While this basic attitude isn't unique to Broder, his apparent lack of interest in the actual details of policy makes him a more absurd figure than some. For him it's not about results, but about the right people being in the right places. It is terribly elitist in all the wrong ways. Arguments can be made for certain types of elitism - you do want a brain surgeon conducting brain surgery - but Broder's elites are simply aristocrats. It's their town.
posted by ennui.bz at 1:37 PM on March 9, 2011 [11 favorites]

posted by jadepearl at 2:22 PM on March 9, 2011

posted by UseyurBrain at 3:24 PM on March 9, 2011

"It may seem perverse to suggest that [...] President Bush is poised for a political comeback. But don't be astonished if that is the case." -David Broder, Feb 2007
posted by gngstrMNKY at 5:50 PM on March 9, 2011

A mouthpiece for corportate, establishment, and yes, Republican interests. Nothing more.

Condolences to his family, but he was a blight on journalism and more importantly, objectivity. His entire raison d'etre was to mainstream right-wing viewpoints as "centrist" and (cough) "serious."
posted by bardic at 5:55 PM on March 9, 2011 [1 favorite]

David Broder was a giant of a political analyst and a even gianter man. Sure, he came from a time that has long since passed, but he rocked in his day.
posted by JohnnyGunn at 7:44 PM on March 9, 2011

I was standing at the Hyatt in DC back in, say 95, back when cell phones were still the size of a Prius, waiting for a pay phone. Working as a freelance guy, waiting to call an editor from a convention, and this little guy is standing there just muttering away with his hand over the phone.

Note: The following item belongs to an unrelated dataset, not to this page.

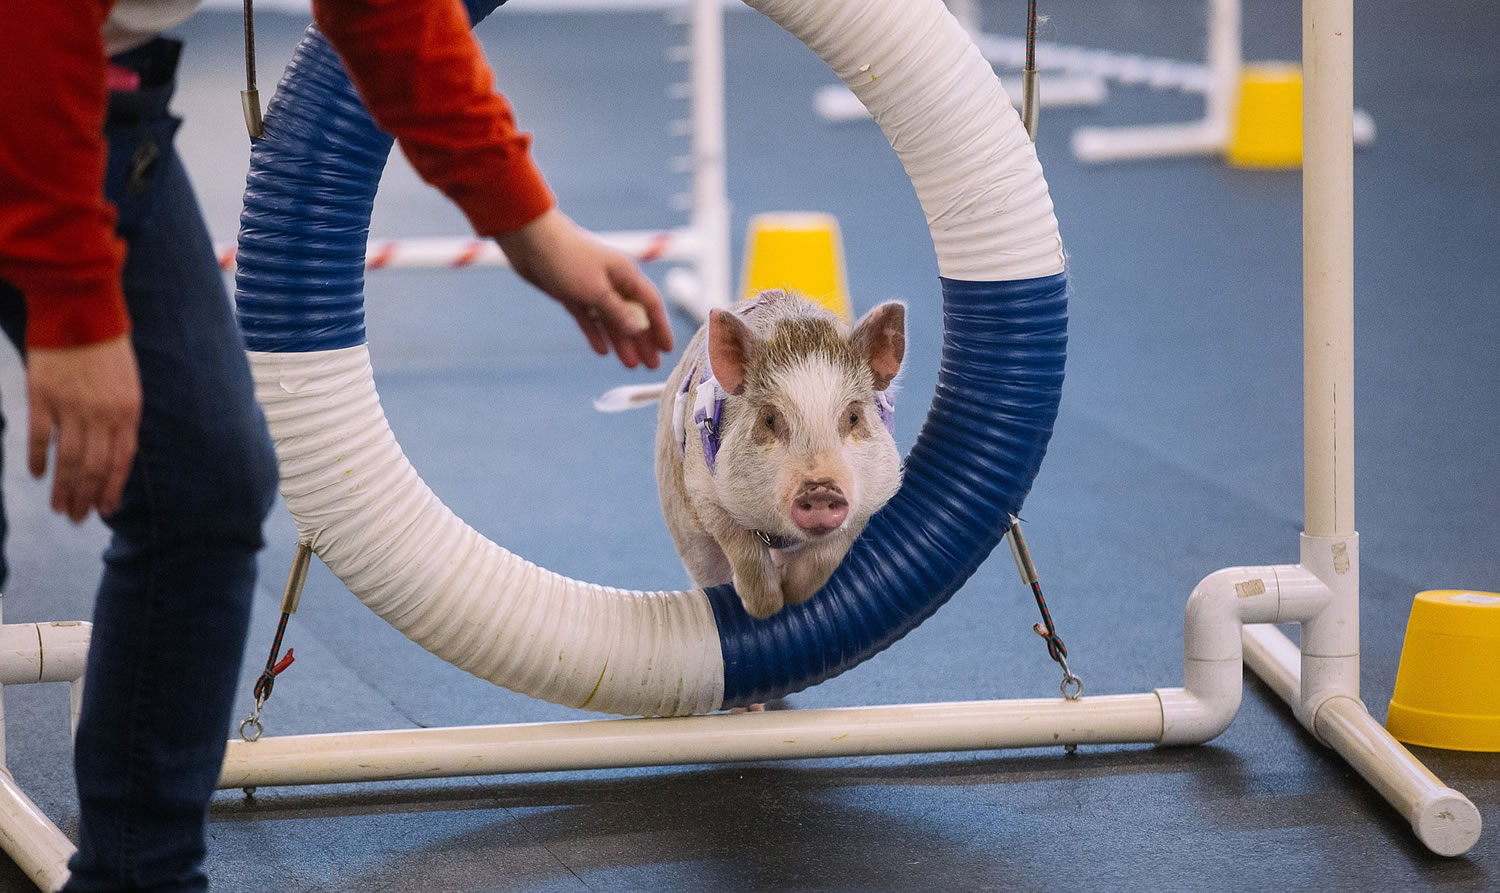 Amy, an indoor pig owned by Lori Stock, goes through agility training intended for dogs Feb.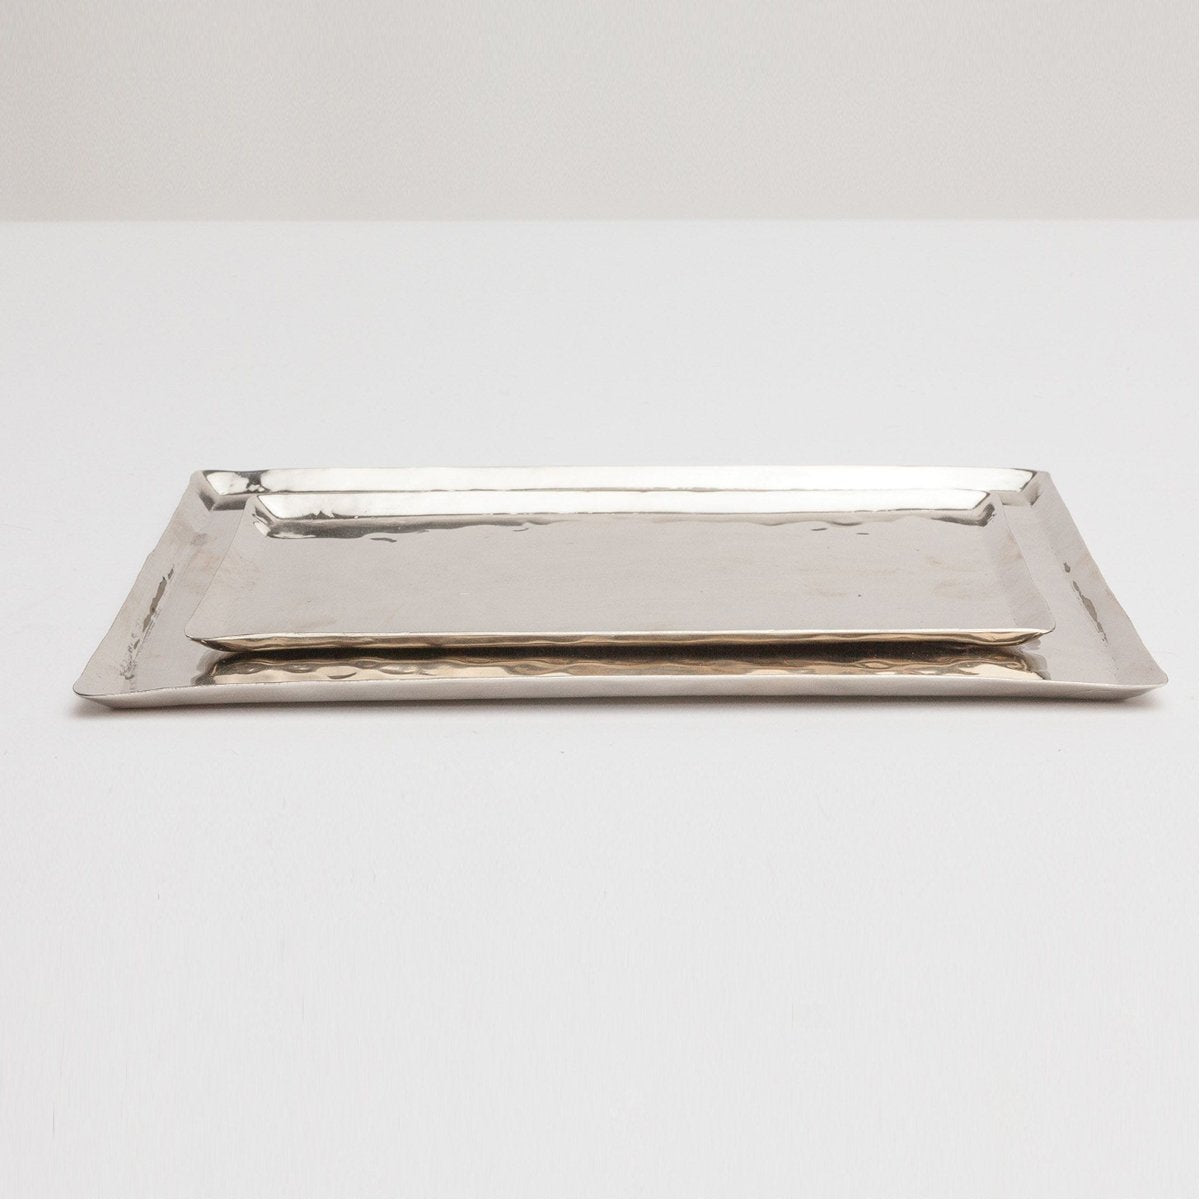 Pigeon and Poodle Stanford Hammered Metal Tray, 2-Piece Set

Totally weird. Obvious it wasn;t a real conversation, he just kept talking without a break, not like anyone on the other side was interjecting.

"C'mon already!" I'm thinking. "What the fuck is this guy doing? Trying to find a tour bus or arranging a hooker?"

Really started pissing me off, so I finally tapped the guy on the shoulder, he glances at me, I make the universal tapping my watch, and then the thumb and pinkie phone thing, he just holds up his finger to indicate "just a sec"

So I am all huffy now thinking how dare this old fuck interrupt what is obviously my very very important joiurnalistic work?

He finally takes his hand away from the phone and I hear him sort of finishing up, saying "OK? You got that? NO! I said ""SAID, not SAYS!" OK read that last part back to me?"

He turns around and his name tag said "D. Broder."

Appeared to me that he had just read an entire column, probably 800-900 wds, into a pay phone, no notebook, not a scrap of paper anywhere to be seen, just right off the top of his head.

He hung up the phone, clapped me on the shoulder, said "Sorry friend" and walked away.

That guy had more class in his toenail clippings than most people elected to national office in the last 50 years had in their whole career.

Thanks David. I do believe this is the first time I have ever done this on MeFi, but

posted by timsteil at 5:38 AM on March 10, 2011 [2 favorites]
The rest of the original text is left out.